Silver nitrate, like the nitrates of the alkalis, does not contain any water of crystallisation. Moreover the other salts of silver almost always separate out without any water of crystallisation. The silver salts are further characterised by the fact that they give neither basic nor acid salts, owing to which the formation of silver salts generally forms the means of determining the true composition of acids—thus, to any acid H_nX there corresponds a salt Ag_nX—for instance, Ag₃PO₄ (Chapter XIX., Note [15]).

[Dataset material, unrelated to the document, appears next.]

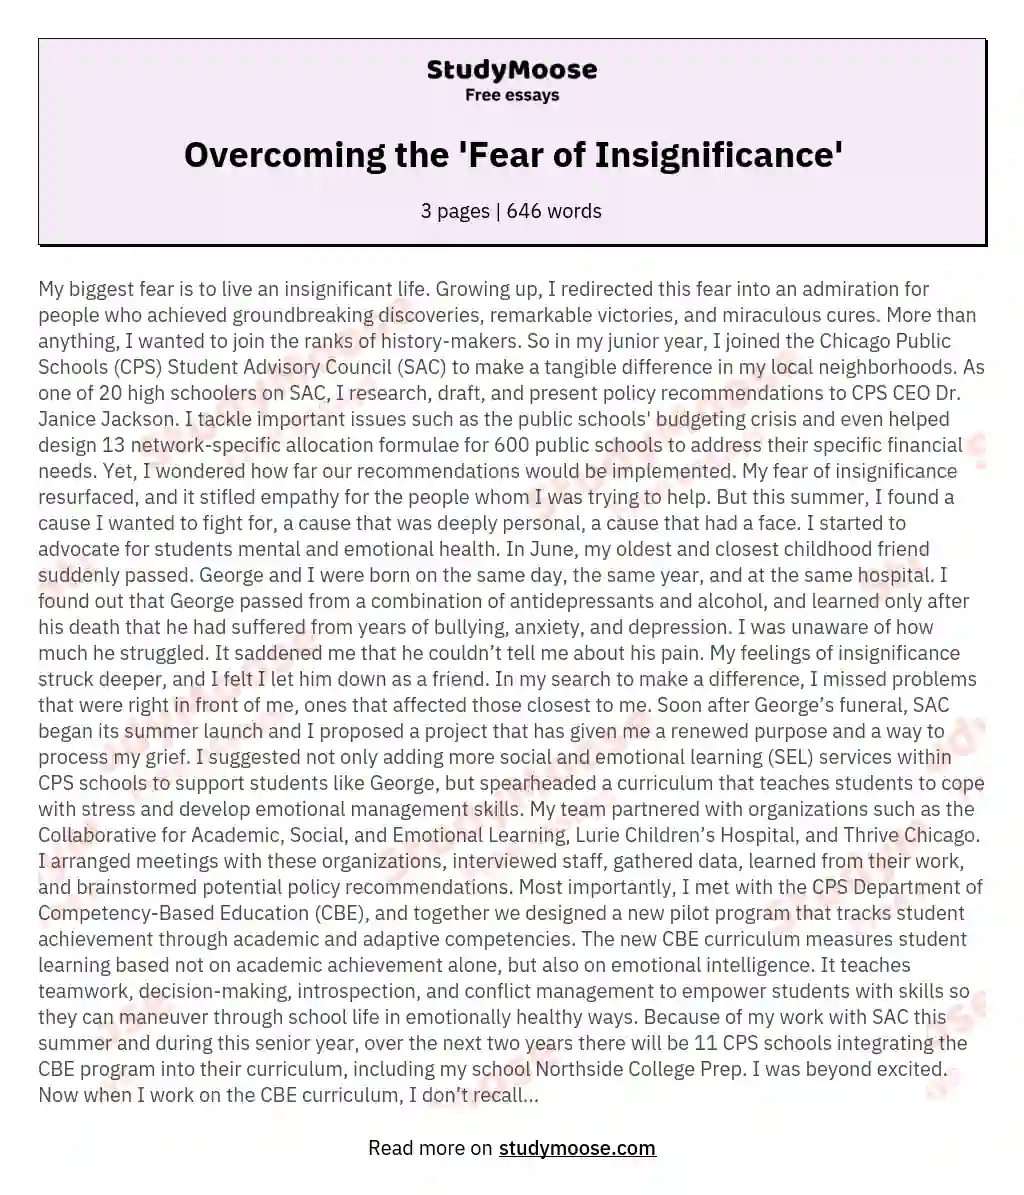 Overcoming the 'Fear of Insignificance' essay

Silver gives insoluble and exceedingly stable compounds with the halogens. They are obtained by double decomposition with great facility whenever a silver salt comes in contact with halogen salts. Solutions of nitrate, sulphate, and all other kindred salts of silver give a precipitate of silver chloride or iodide in solutions of chlorides and iodides and of the halogen acids, because the halogen salts of silver are insoluble both in water[23] and in other acids. Silver chloride, AgCl, is then obtained as a white flocculent precipitate, silver bromide forms a yellowish precipitate, and silver iodide has a very distinct yellow colour. These halogen compounds sometimes occur in nature; they are formed by a dry method—by the action of halogen compounds on silver compounds, especially under the influence of heat. Silver chloride easily fuses at 451° on cooling from a molten state; it forms a somewhat soft horn-like mass which can be cut with a knife and is known as horn silver. It volatilises at a higher temperature. Its ammoniacal solution, on the evaporation of the ammonia, deposits crystalline chloride of silver, in octahedra. Bromide and iodide of silver also appear in forms of the regular system, so that in this respect the halogen salts of silver resemble the halogen salts of the alkali metals.[24]